Dr. Deidre Quinn-Gorham remembers the lightbulb moment when she began thinking about how to introduce 3D printing into her profession. “I had heard about 3D printing off and on but a couple of years ago my step dad gave me a magazine issue of National Geographic and showed me this article that was entitled ‘Just Press Print,’’ she recalled in an interview. “And it had this beautiful layout of some of the things that you can utilize 3D printing for, and it spanned from printing of food to clothing material to actual organs.” Shortly afterward, she read an article in a veterinary medical journal about someone who 3D printed a skeletal model of a dog.
As the coordinator of educational programs and instructional technology at Tuskegee University’s College of Veterinary Medicine, this was just the kind of technological use case Quinn-Gorham was keeping an eye out for. What does that title mean? “My job is to develop educational programs to incorporate into the curriculum and scope out innovations in technology that would enhance teaching and learning,” she said. “If I find a particular technological tool that I think would enhance the teaching process or the students’ learning, then I will investigate that particular item and present that to the dean, and we go from there to see if it is feasible for our instructors and students.”
3D printed pet bones
She also has a Doctor of Veterinary Medicine degree. “I really got hooked onto technology when I was in veterinary school and we were required to take computer classes in which they introduced various software programs to us, and it just kind of escalated from there,” said Quinn-Gorham. “I never lost that desire to learn more about the technological advances that were out there and combine that with veterinary medicine.”

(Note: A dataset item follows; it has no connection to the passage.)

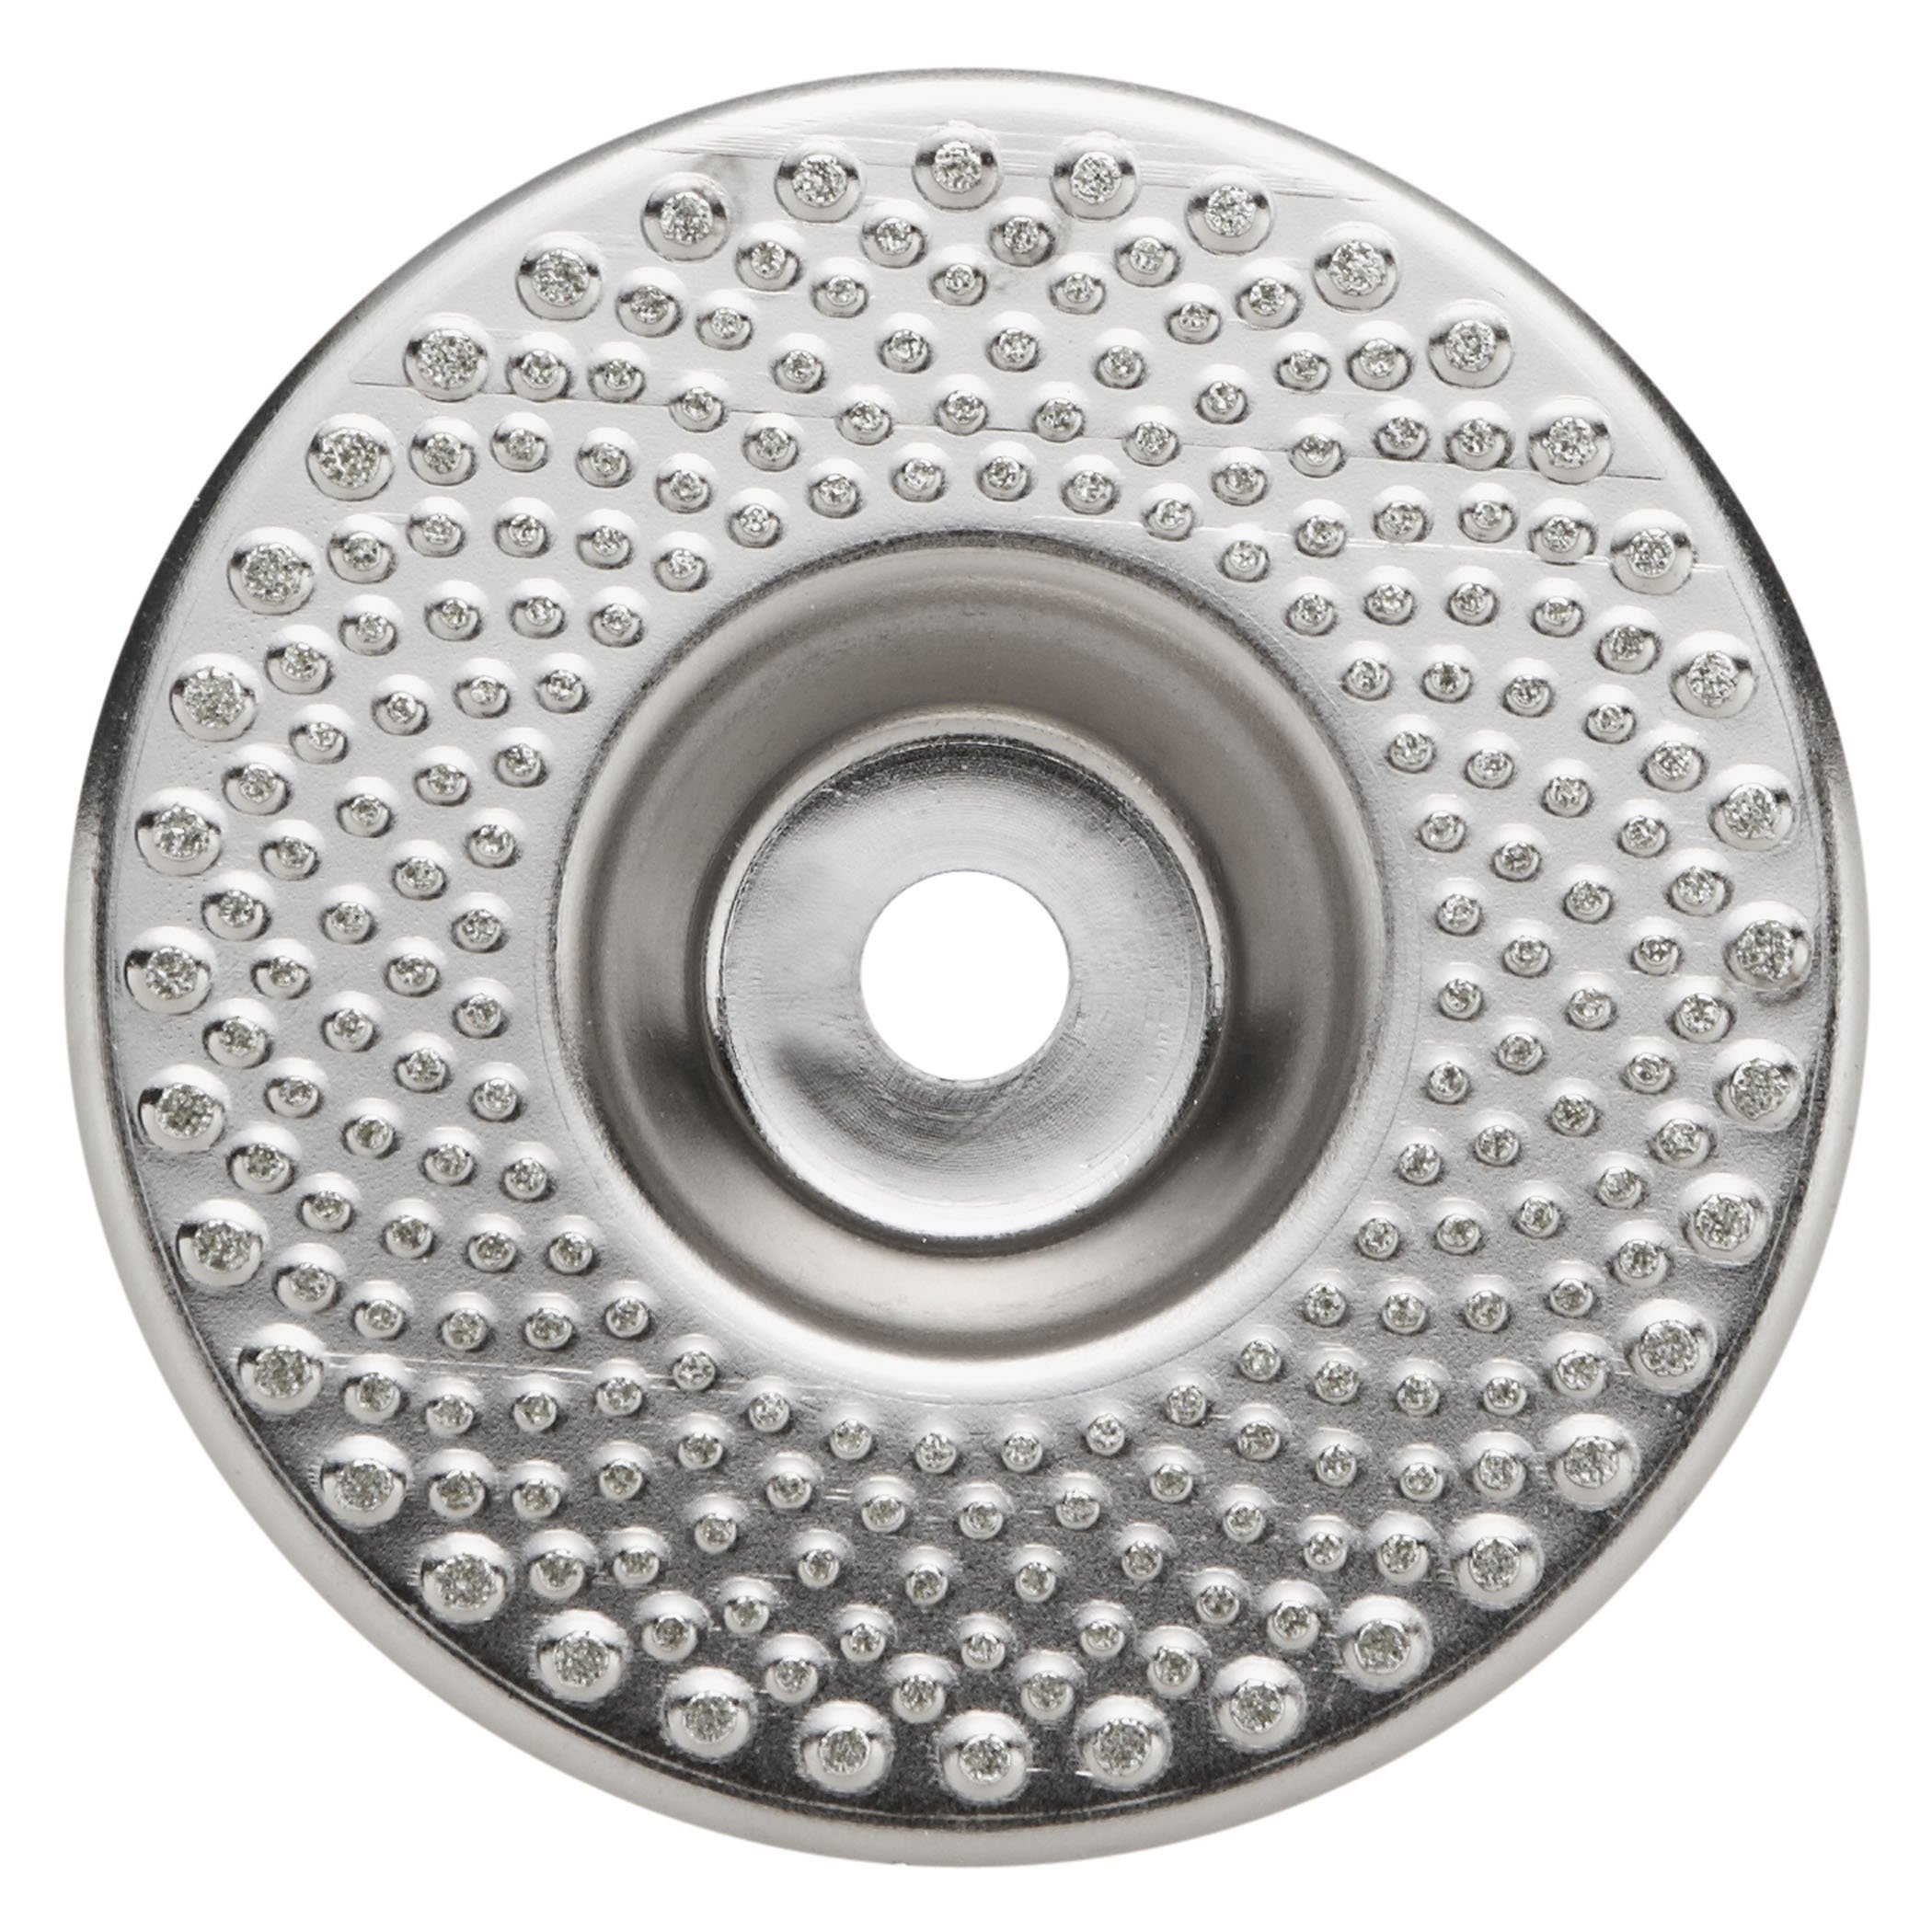 Dremel US410-01 Ultra-Saw 4-Inch Diamond Surface Prep Abrasive Wheel by Dremel (Image #1)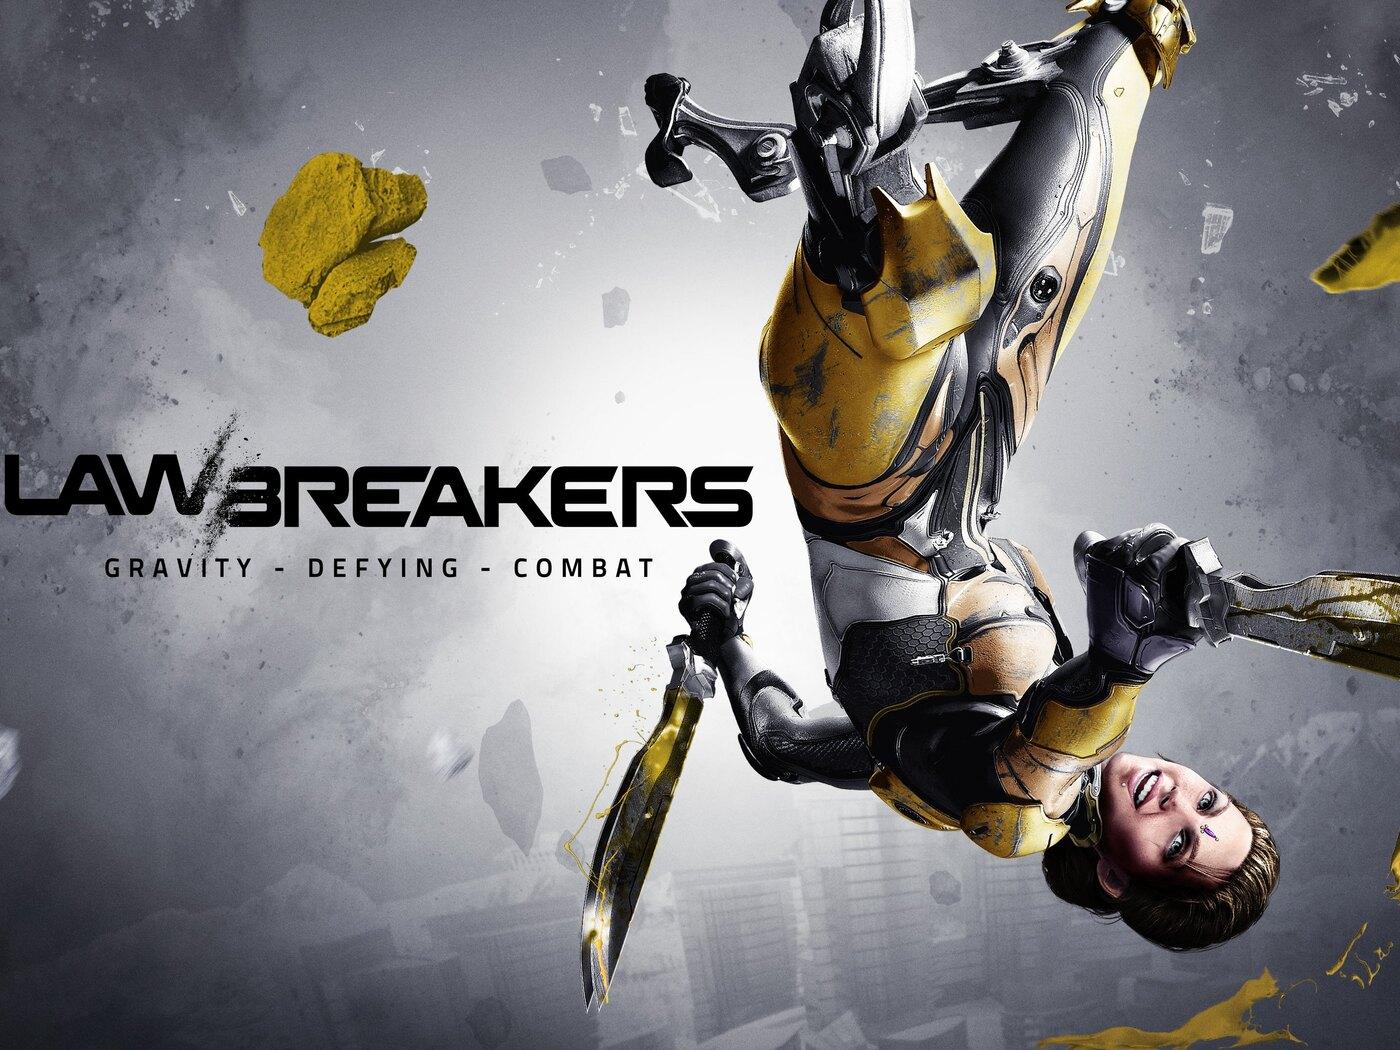 lawbreakers-qj.jpg

This background helped as Quinn-Gorham began thinking about how she could leverage 3D printing in the veterinary school’s curriculum. She started by visiting the department of aerospace science engineering at her school, which had recently utilized 3D printing to build a small-scale model of a solar-powered house. She was soon introduced to Dr. M. Javed Khan, the department head of aerospace science engineering. “I told him that I wanted to see their 3D printing in action because I have some ideas for how it could be used in veterinary medicine,” she recalled. “So he invited me over and that’s when the journey began to unfold.”
Quinn-Gorham started the project by going to a former surgical instructor of hers, Dr. Howard King, and asking him for a metal plate that’s often used to repair fractures in dogs. Her thinking was that veterinarians could use 3D printing and modeling to reproduce metal plates and possibly other surgical instruments. In another scenario, her former instructor also mentioned how veterinarians could 3D print a version of the fractured bone so that they can evaluate the fracture before the surgical procedure and show it to the pet’s owner to better explain the nature of the injury.
3D printed plates that can be used to repair fractures in dogs
When Quinn-Gorham returned to her university’s engineering department, they were able to use a 3D printer to print a smaller version of the metal plate in plastic. To get an idea of how the plate would look in its metal form, she started looking around for other solutions, and that’s when she discovered Xometry. After getting a high-resolution scan of the plate and having it converted into a CAD file, she sent it over. “Xometry gave me back some excellent models,” she said. “The plate was actually printed in aluminum because the stainless steel was a little costly and I had a limited budget.”
So does this mean the veterinary school will immediately begin incorporating 3D printing into its curriculum? Well, not quite yet, but Quinn-Gorham’s experiment got the ball rolling. “One thing that came as a result of my interacting with the school of engineering is that we’ve formed a partnership,” she explained. Recently, the department of aerospace science engineering acquired a brand new 3D printer. “Over the summer, I acquired a scapula — which is a shoulder bone of a dog — that I brought over. They scanned it for me and printed out a couple of samples in different sizes.”
Why is this significant? Well, veterinary schools often have a difficult time obtaining an adequate number of animal bones — which come in many different shapes and sizes depending on the breed — to use in their teaching. “The 3D printed versions last longer than actual bones and are a little more resistant to breakage,” said Quinn-Gorham. “If you drop a bone and it’s an older specimen, you might chip off a structure that’s a landmark for that particular part of the anatomy and you can no longer use it. These lightweight materials give a little more resistance to breaking. Besides, if a 3D-printed specimen breaks, you can just print out another one.”
But that’s only the beginning. Quinn-Gorham is already thinking ahead to other uses the school can get from the technology. “Anytime you have a chance for interdisciplinary collaboration, it opens the door to so many possibilities for new ventures in education and funding opportunities for both areas,” she said. “So it is a win-win situation every way you look at it.”